Alibaba Group (Alibaba) announces that the upgraded Qwen 2.5 Max model has achieved better performance than the V3 model from the Chinese Artificial Intelligence (AI) Startup DeepSeek in China in several third-party benchmark tests. did. This achievement is an important milestone as Qwen 2.5 Max emerged as a top-ranked, irrational model from China on its well-known benchmark and ranking platform.
Qwen 2.5 Max utilizes a large mix of expert (MOE) architectures trained with over 20 trillion tokens, according to reports from Chinese media, including Securities Time and Ithome. In comparison, DeepSeek’s V3 model also uses the MOE architecture, but is trained at 14.8 trillion tokens. This difference in training is important because models trained on datasets with a large number of tokens tend to perform better.
Competitive performance against global leaders
Data released by Alibaba shows that QWEN 2.5 Max shows functionality comparable to Deepseek’s V3, Anthropic’s Claude 3.5 Sonnet, and Sopenai’s GPT-4.
The rise of global rankings
As reported in the South China Morning Post, data from the Chatbot Arena Test Platform, developed by computer scientists in Berkeley, California, QWEN 2.5 max ranked 7th on the platform leaderboard during the New Year of the month It shows that it has reached its highest level of deration. An AI model from China. Chatbot Arena rankings are determined by user votes based on output quality.

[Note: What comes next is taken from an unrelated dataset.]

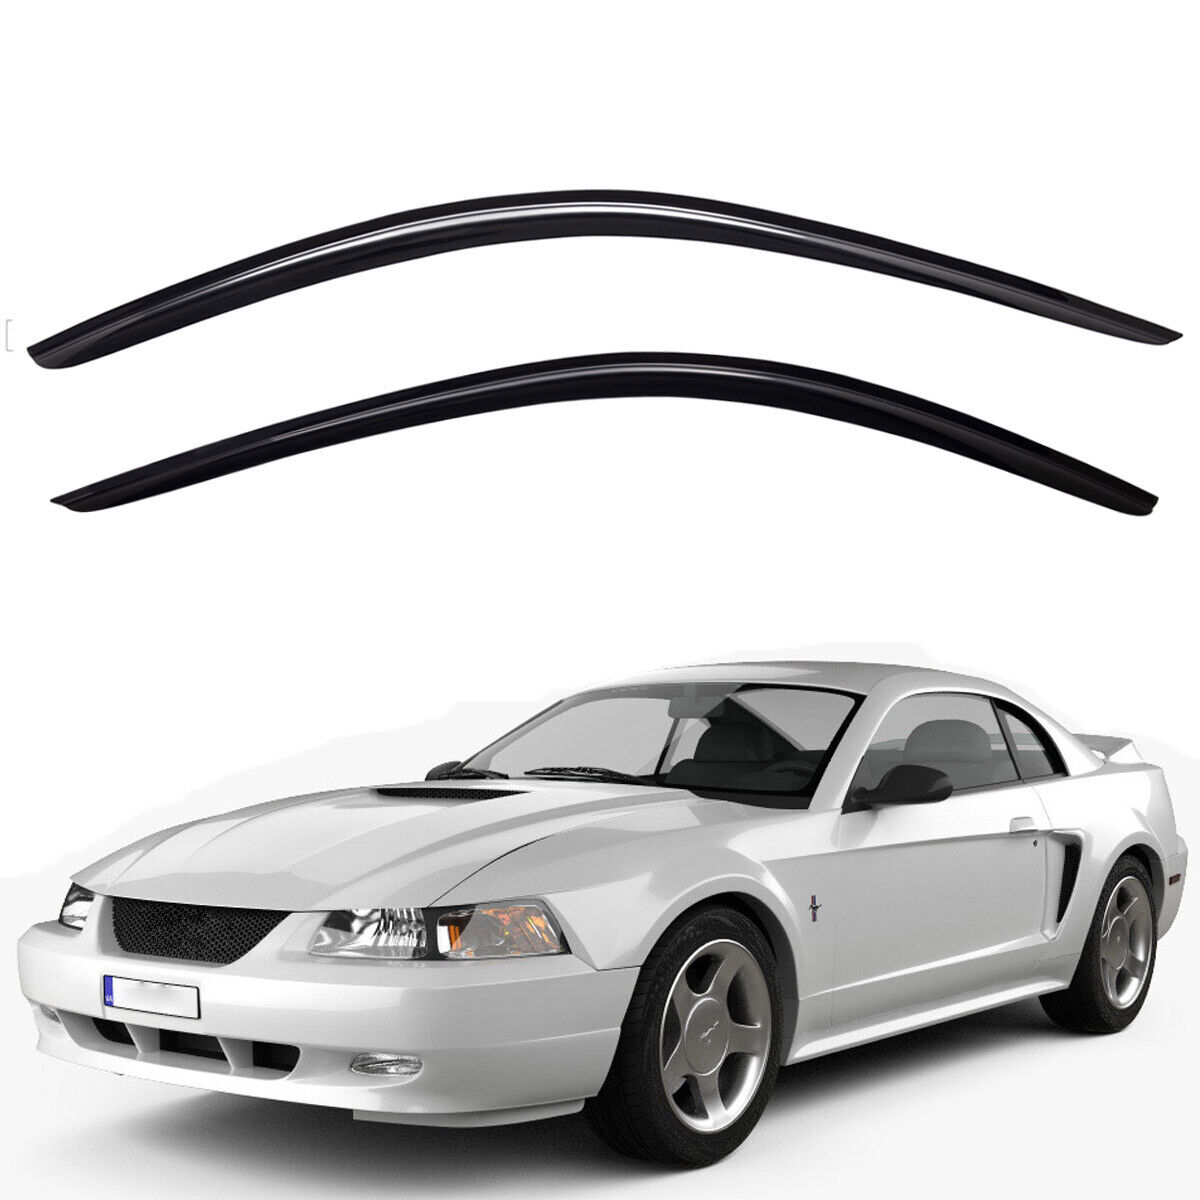 Fits 1994-2004 Ford Mustang Coupe Tape-on Window Visors Rain Guards Deflectors

However, overall rankings, the Deepseek R1 remains the highest of China’s AI model, holding its third position. In addition to its presence in the Chinese field, another Chinese AI startup, Zhipu AI, also secured a top 10 spot.
Chatbot Arena posted that four of the top 10 companies are Chinese, highlighting China’s efforts to bridge the gap with advances in AI in the US.